O amor do Criador a sua criatura mais perfeita supera qualquer energia tectônica.
O poder do homem, embora não lhe permita o controle total da natureza, acalenta zelosamente o projeto imorredouro da vida, o sonho de Deus.

sexta-feira, 4 de março de 2011

Vida Mestra

O pai chamou seus filhos na varanda para apreciarem uma alegoria juntos, de perto.
Conquanto as teias estivessem vastas, fechando os flancos da varanda em pública demonstração de desleixo, serviram ao propósito da demonstração prática de como é a vida entre os homens.
Trouxe secretamente consigo um minúsculo pedaço de jornal na mão, apontou aos meninos a teia menor do lado esquerdo:
- Vejam isto. – fragmentou o papel, ensopou-o na poça que se formara da chuva da noite e arremessou na teia. Logo uma enorme aranha precipitou-se sobre a presa putativa, com a ânsia dos famintos. Verificada a abiose da refeição, despojou-a para limpar sua armadilha.
- Nossa! Pai, pai... – os meninos perderam o fôlego ante a fascinante cena, cruel e maravilhoso.
- Ela não desiste. – disse o pai. Arremessou outro pedacinho e novamente a aranha procedeu ao ataque e descarte do papel.
- Isso é igual aqui. – apontou a teia maior, preparou e lançou a falsa cobaia; a aranha fez o mesmo ritual: avançou impetuosamente, verificou sua impropriedade, descartou. Repetiu mais duas vezes a experiência.
- Pai, porque não jogamos um inseto vivo pra ver o que ela vai fazer?
- Não, filhos! Não que eu não pudesse fazer isso; mas a natureza se incumbe desta fatalidade.
Continuou: “O que eu queria mostrar para vocês é como as coisas acontecem no mundo: o mal é como essa aranha; tece suas teias para nos apanhar, e quando estamos enredados, ele se lança sobre nós com pressa, e com fúria nos consome. Temos que tomar cuidado com as ciladas e, na hipótese de sermos atados, não termos em nós qualquer seiva que lhe sirva de alimento.”
 - E quando é que a natureza manda um inseto para teia ou alguém para o mal, pai?
- A natureza manda um inseto para a aranha porque essa é a lógica da vida animal: a aranha é capacitada para fazer teias e capturar seu alimento, mas o inseto é incapaz de guardar a precaução; no entanto, a natureza não manda ninguém para o mal. Se alguém vai é por causa da ignorância ou desatenção, ou porque subestima a nocividade do mal, ou por que foi enganado.
- Mas o que é o mal pai, perguntou o caçula, enquanto o outro tinha já arranjado também um pedaço de papel e se preparava para a experiência solo.
- O mal, meu filho são muitas coisas...
- Espera aí pai. – atalhou a explanação. “João me dá um pedaço?
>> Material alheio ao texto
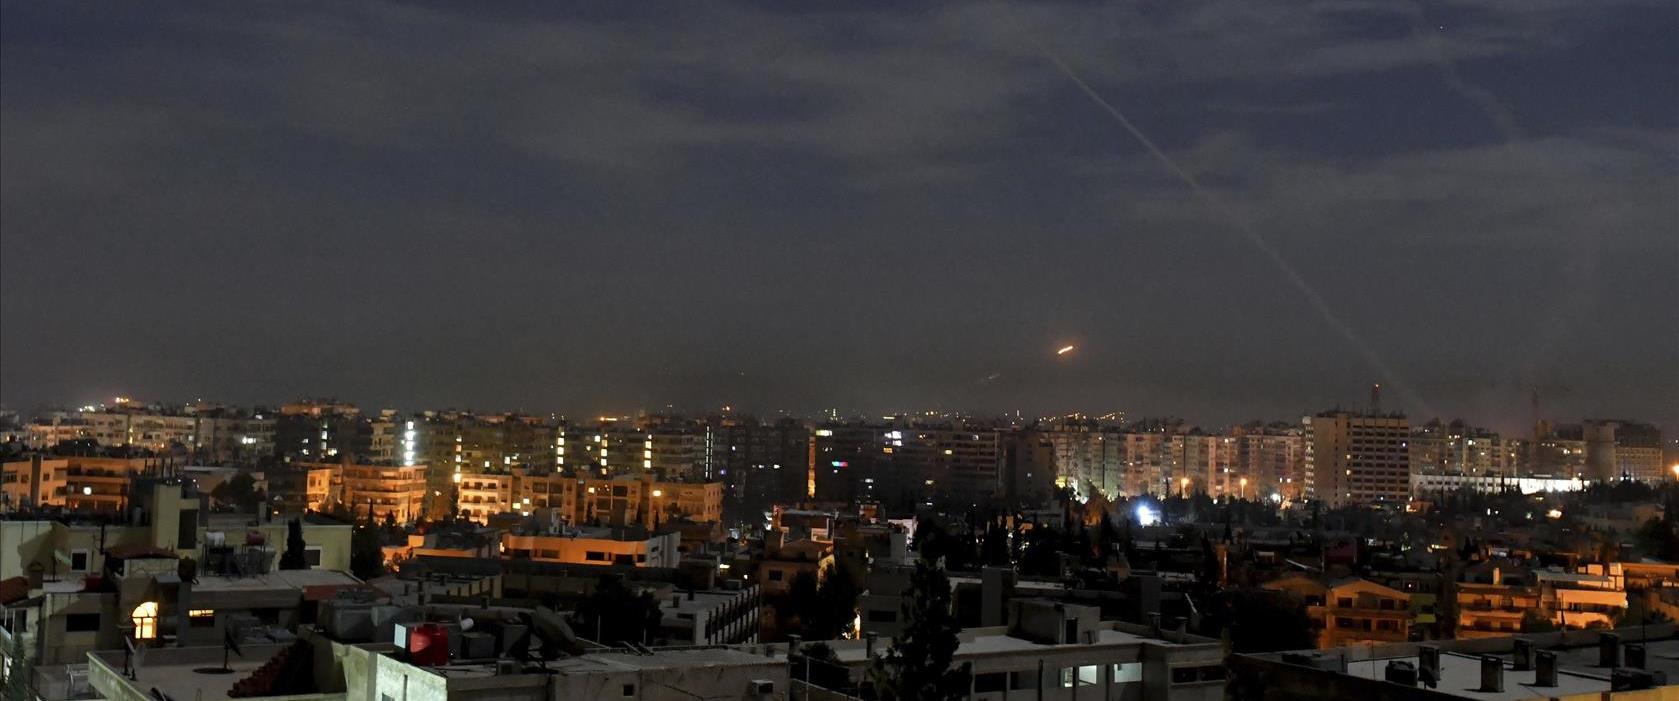 התקיפה שיוחסה לישראל בסוריה, הלילה

Eu também quero jogar insetos de mentira...”
O pai, a sonoras risadas, entrou em casa rogando a Deus que cuidasse de seus meninos.
Eles, a despeito de todas as verdades que o pai pedagogicamente lhes ensinara, ficaram até de noitinha se divertindo em arremessar pedacinhos de papel na teia, e enganar a aranha.

À deriva

Apieda-te dos jovens, ó mundo!

Sonhos pobres de aventuras chinfrins
Tumultuam a vigília do moço desmedido,
Como pesadelos infindos
A tolher-lhe a alma, consumir-lhe a calma,
No desvelo de noites aceleradas.

Como dormisse na leveza do ar,
Com brilho de ouro vêm os sonhos
Que sonharam para ele
E dão-lhe bebidas de embriaguez.
Dizem-lhe ao coração o que se desbravar
Das luzes, dos sons, dos gestos, das coisas celeradas.

Quando a alva aparece,
A lua desvanece no ciclo sideral;
Destemido, indômito,
Ele dorme o sono do ímpio:
Delirante, insano,
Julgando-se santo.

Isento do mundo que aos outros é lhano
Desperta novamente,
Desmemoriado do presente
Ressente-se do futuro que não enxerga
E recomeça a sonhar
Seus mesmos recentes atos pregressos
Que corrompem o caráter.

E a mesma sorte a cuidar de seus passos:
Um histrião satirizando o mundo
Sem nada de belo ou eterno;
Corpo forte em mente tenra.
Alucina o jovem sem trégua.

Os moços precisam de paz!

Modernoso

Certa vaidade em pessoa veio contar-me que numa das viagens financiadas pela empresa em que trabalha a um antigo país europeu desenvolvido – especificamente a uma empresa de negócios correlatos -, pôde constatar o atraso daquele exportador de cultura e disseminador das melhores práticas de gestão; sua obsolescência, pelo simples fato de que utilizavam uma planilha eletrônica, ao passo que ele, aqui, usava um sofisticadíssimo software desenvolvido pelo capital intelectual nativo.
Esqueceu-se dos salários que aquela empresa “arcaica” paga, a renda per capita dos habitantes, os indicadores sociais de altíssimo nível, reveladores da melhor qualidade de vida possível no capitalismo. Não atinou sequer que a empresa excursionada era líder no planeta na área de atuação da sua versão sul-americana, e inclusive, apresentava melhores e menos duvidosos resultados nas planilhas eletrônicas, do que ele no seu programa de ponta.
Com igual pasmo, à noite, tentei encadear a sequência de reportagens dos canais abertos: a) mais da metade de nossos irmãos estão ambientados na rede mundial e/ou tele-conversando por celulares; b) nas zonas centrais os punguistas preferem as bolsas das mulheres e os celulares de quem der sopa; c) mais de um quarto do povo está no limite da miséria; d) apresentamos relativos êxitos de crescimentos anuais; e) falta-nos mão de obra especializada; f) temos dos mais modernos códigos de trânsito do planeta e ainda assim muitos jovens se matam em acidentes ou são flagrados em franco desacato às leis; g) e demais reportagens: muitos assassinatos acontecem a todo instante pelos motivos mais fúteis ou torpes – estamos entre os primeiros lugares no ranking mundial de homicídios.
Fui dormir com sensação de que algo está desencaixado. Serei eu? Talvez também eu esteja deslocado nessa ordem.
Dia seguinte, no banco, a fila do caixa eletrônico não andava porque muitos usuários não sabiam operar a máquina e nenhum funcionário se dignava a orientá-los, até que, cedendo aos rogos e princípios de confusão, um empregado do banco apareceu. Zangado e grosseiro desfez a fila rapidamente, retirando-se para dentro das portas aos reclamos: “Êta, povinho burro!” 
Então, pareceu-me vivermos contraditoriamente como bárbaros modernos que olham o horizonte com olhos míopes, pregando o amor com total indiferença.